In essence, an affective computer would utilize the “Emotion Matrix” onto which the emotions are plotted against all the speech characteristics. There are a number of ways of constructing such a model.


The speech recogniser function will initially be simulated with Matlab functions or PRAAT Script which will process supplied audio files, analyse characteristics through a suitable digital filter simulation and generate an result that corresponds to the emotion detected in the audio.


At an abstract level emotion in speech can be categorized into two levels, negative and non negative emotions. Negative emotions include anger, frustration and despair while non-negative emotion includes, happiness, neutrality and delight. The separation of speech into these two emotional categories, while lacking the fidelity of full emotion analysis , will provide import information to any system processing spoken input. For example non-negative speakers may be well left alone while negative speakers may qualify for external assistance or support.




Why an Emotion Detector?

The Emotion Detection project is categorized as “Experimental Investigation” under the Capstone Project categories. The project correlation of material already published from other research conducted as well as personal research and development and running of speech based experiments. The project explores new technology which is a little left field of normal DSP technology. It requires an understanding of speech and the human psych.

I elected to pursue this project as it lies close to my experience in design and creation of Interactive Voice Response and Speech Recognition projects. Experienced gathered from fine tuning such systems to deliver premium accuracy hopefully will translate into the successful evolution of the Emotion Detector project.





Assumptions


Relevant Literature


It is assumed that there is enough literature on the subject to give an underlying foundation to the creation of the Emotion Detection System. It is also assumed that there is some type of open consortium for information exchange related to this technology. Many honours and PhD thesis have already explored this technology.


Key Technical Assumptions



Key technical assumptions include the software and hardware to be used for the project development. It is assumed that my personal copies of the software required are still functional with the fall back of using the universities facilities if by chance something does go wrong with my home equipment. This is also directly applicable to hardware required. Other assumptions include the availability of technical resources and expertise if and when required.

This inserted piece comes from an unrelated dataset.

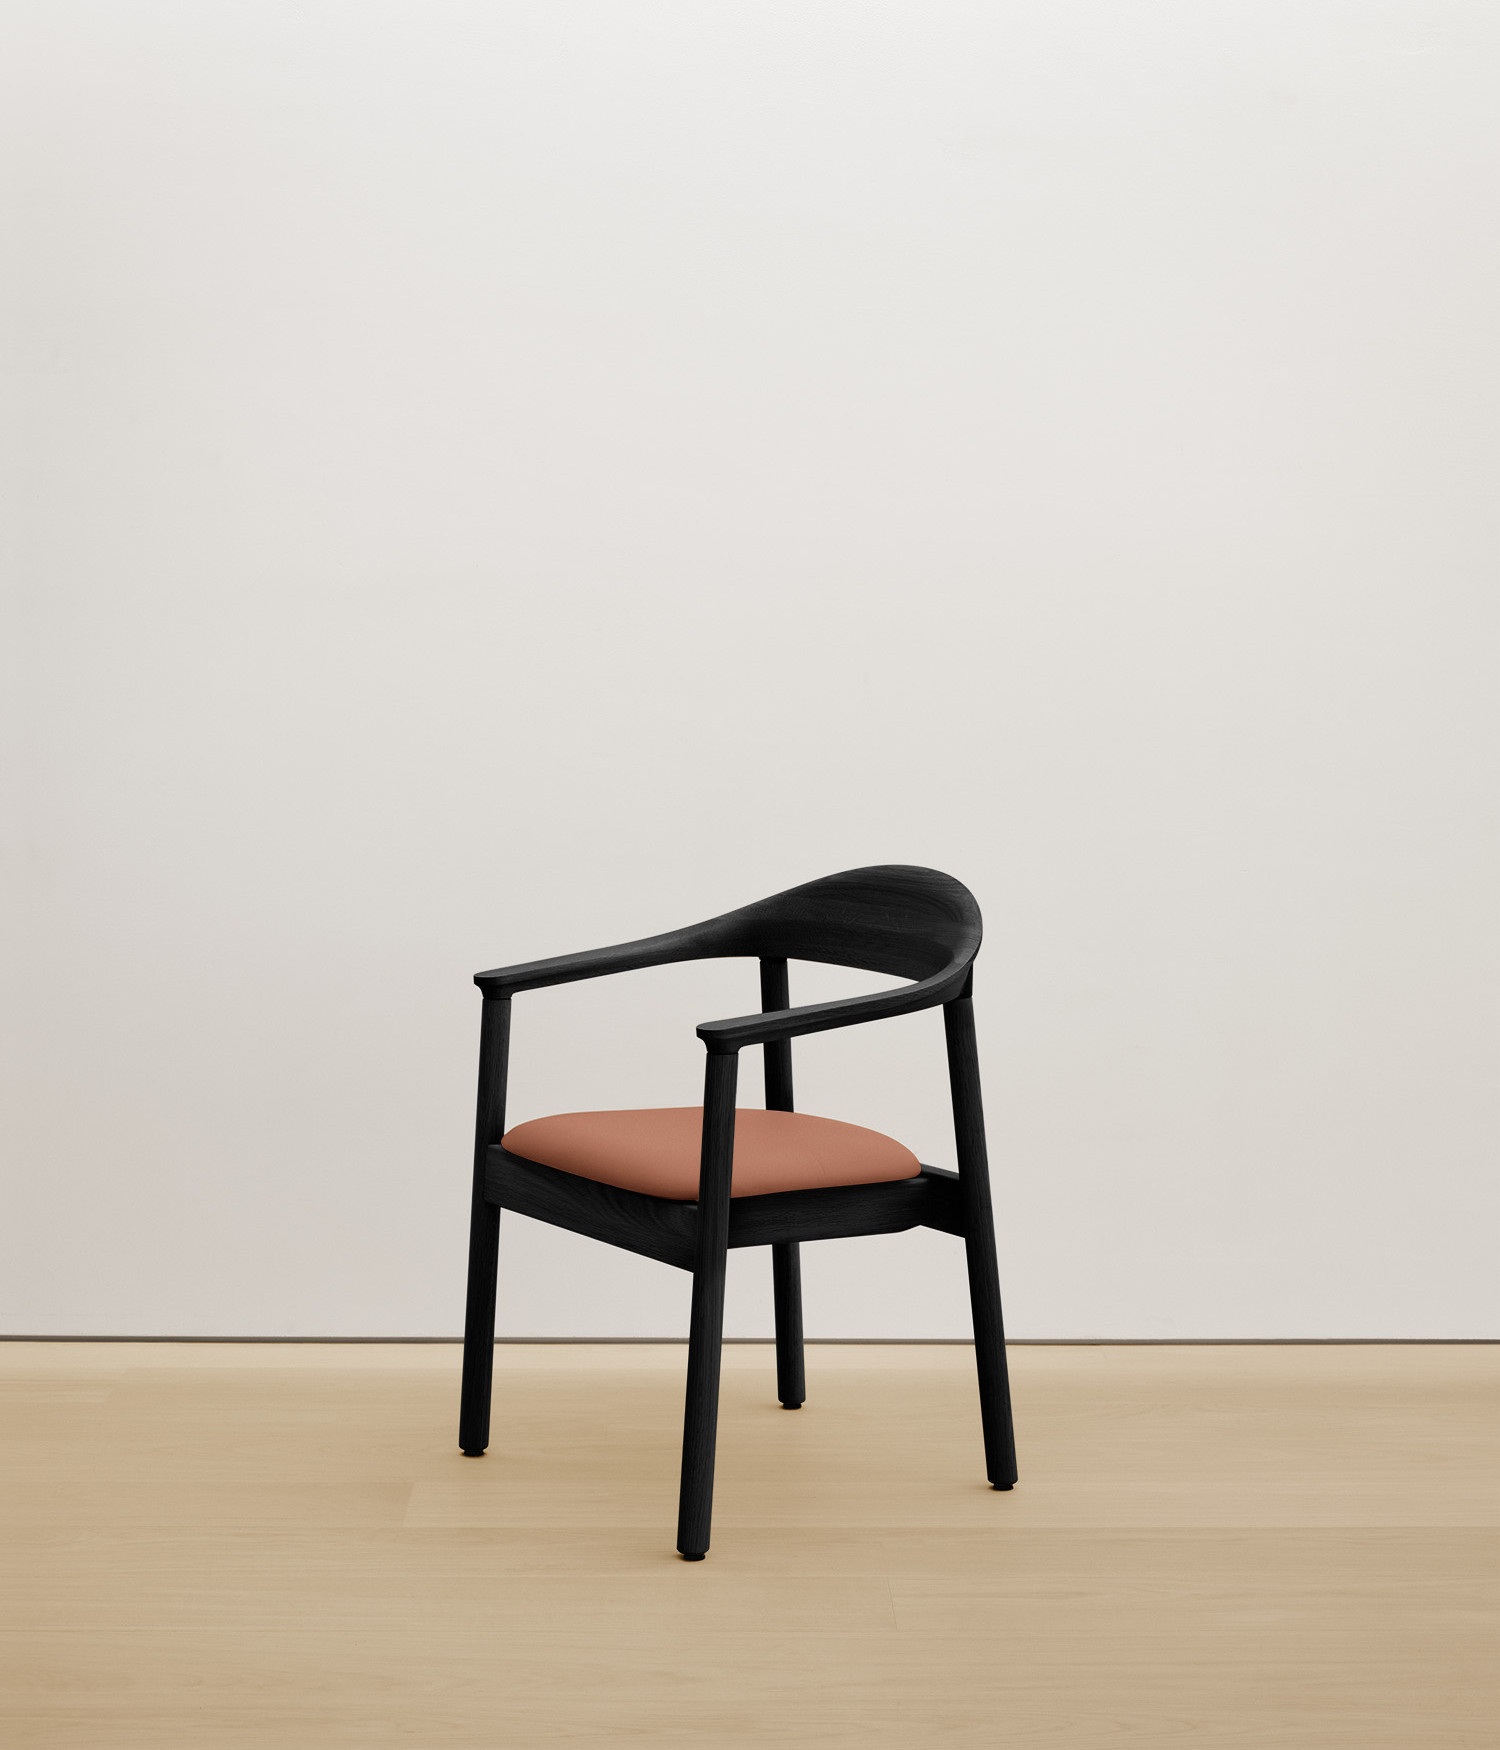  black-stained-oak chair with clay color upholstered seat
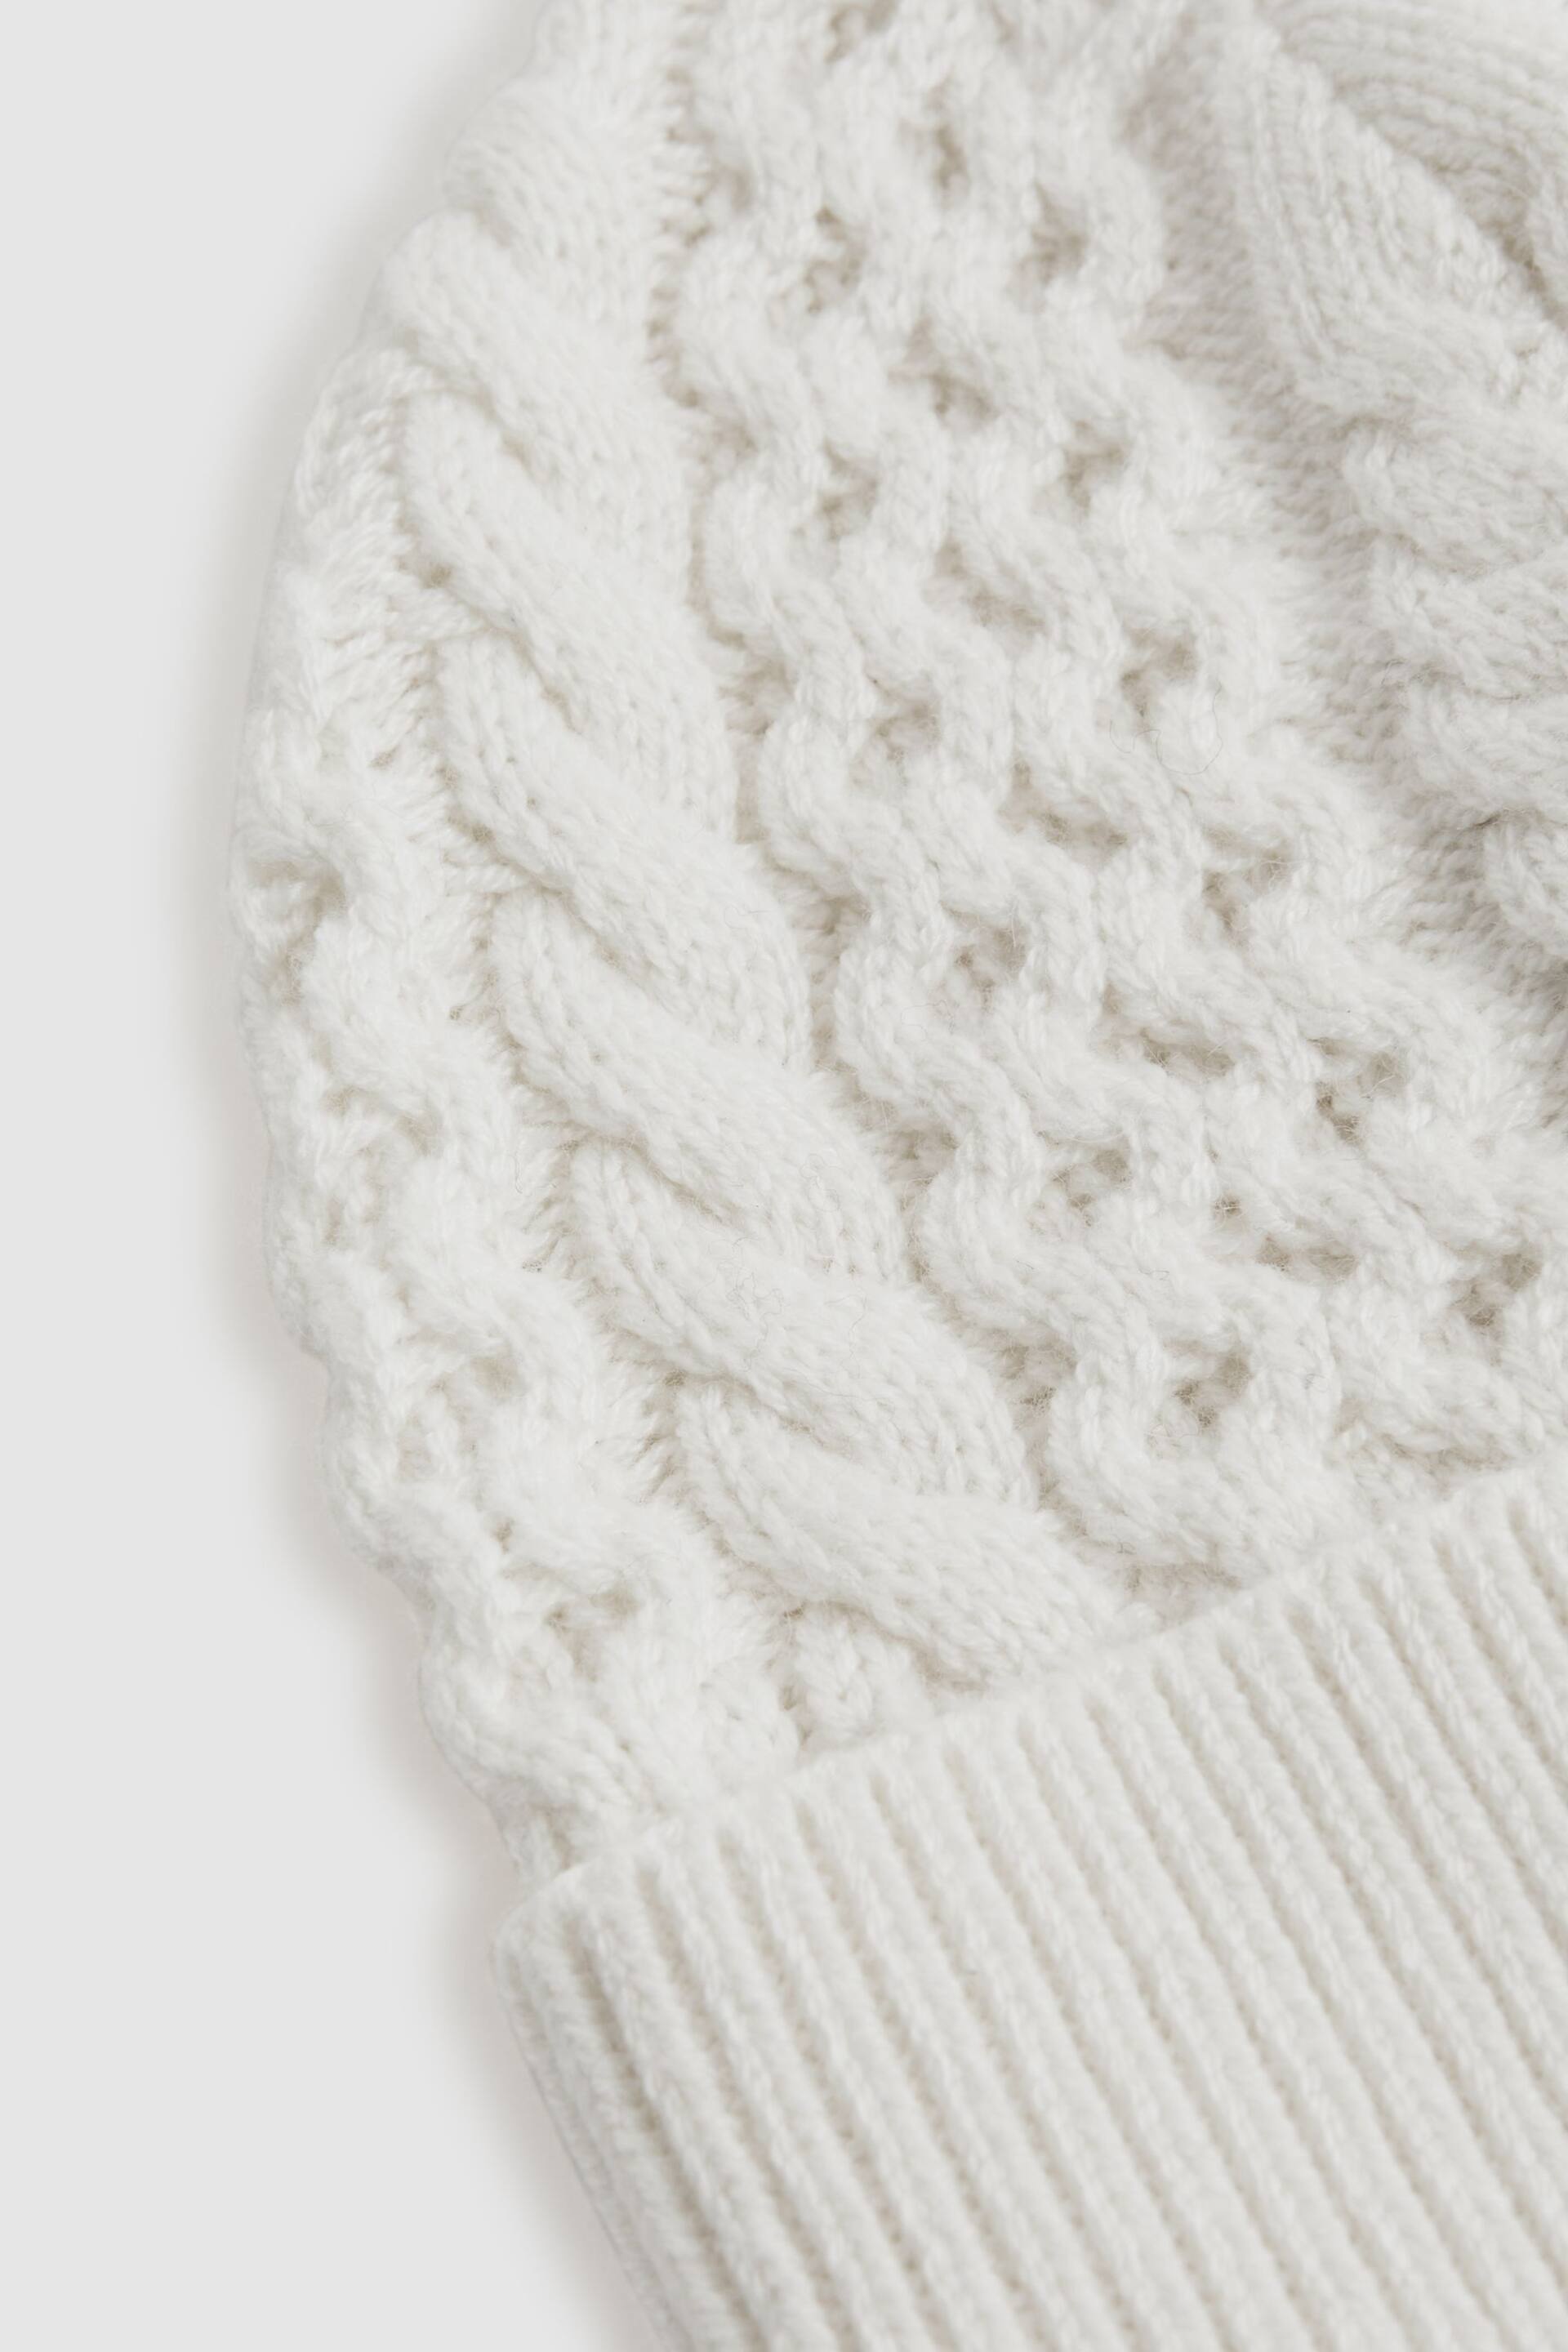 Reiss Ecru Heath Junior Knitted Scarf and Beanie Hat Set - Image 5 of 5

Non – Technical Assumptions


Non technical assumptions are based around the demographic that may be involved in the demonstration of the system. My aim is to verify that the system will work over a large cultural cross-section as possible. Emotions vary from culture to culture. Some cultures demonstrate a high degree of sarcasm. Some cultures have a spoken language to may sound abrupt and aggressive to members of other cultures ( eg German as compared to French). The major assumption here is that the system will be demonstrated on an English speaking Australian audience.


Verification of Assumptions


By the time this proposal has been submitted, all software and hardware requirements, apart from the TI 6000 development platform, will be tested for operation. The computer network at home is composed of three identical servers connected via a 100Mbit router. Each machine has a removable drive for backup.

The Ti 6000 development board is not required until mid October. Reservation of this device for the project will be organized through my supervisor. It may prove beneficial if I personally buy a development kit to avoid any conflict with other projects occurring at the same time. I will discuss this with the supervisor.

Availability of documentation is still yet to be fully verified. There is ample research being conducted in this area so it is safe to assume that technical literature will be available.

Technical support will come from both A Kadi my supervisor as well as one or two speech companies which have personal friends in their employ.

The demographic involved in testing the technology will be English speaking Sydney residents. Although accents vary widely, emotional traits when speaking English tend to follow a fairly standard pattern.



Evaluation


To determine the success of the project the desired outcomes need to be clearly defined and stated in a non technical manner. The project has many facets each contributing to the overall outcome and success of the project.


Project Outcome


The desired outcomes for the Capstone project include:-


  1. Capstone Document professionally presented that is accurate, informative and interesting.

    Communication is a fundamental aspect of engineering. Well structured and accurate documentation is paramount to any engineering project.

  2. Emotion Detection successfully simulated in a Matlab or other environment.

    Modeling is also another highly important facet of engineering. An engineer needs to be able to model physical entities using a variety of tools at his or her disposal. Modeling can help decide the viability of a project and help predict any complications that may incur time or financial penalties during the course of development.

  3. Emotion Detection successfully ported onto a Ti 6000 series development platform

    The penultimate engineering goal is the finished product. The project is 'delivered' once it exists in its intended environment. In the case of the emotion detector the intended environment is phone or IP based audio conversation, conferencing or computer input.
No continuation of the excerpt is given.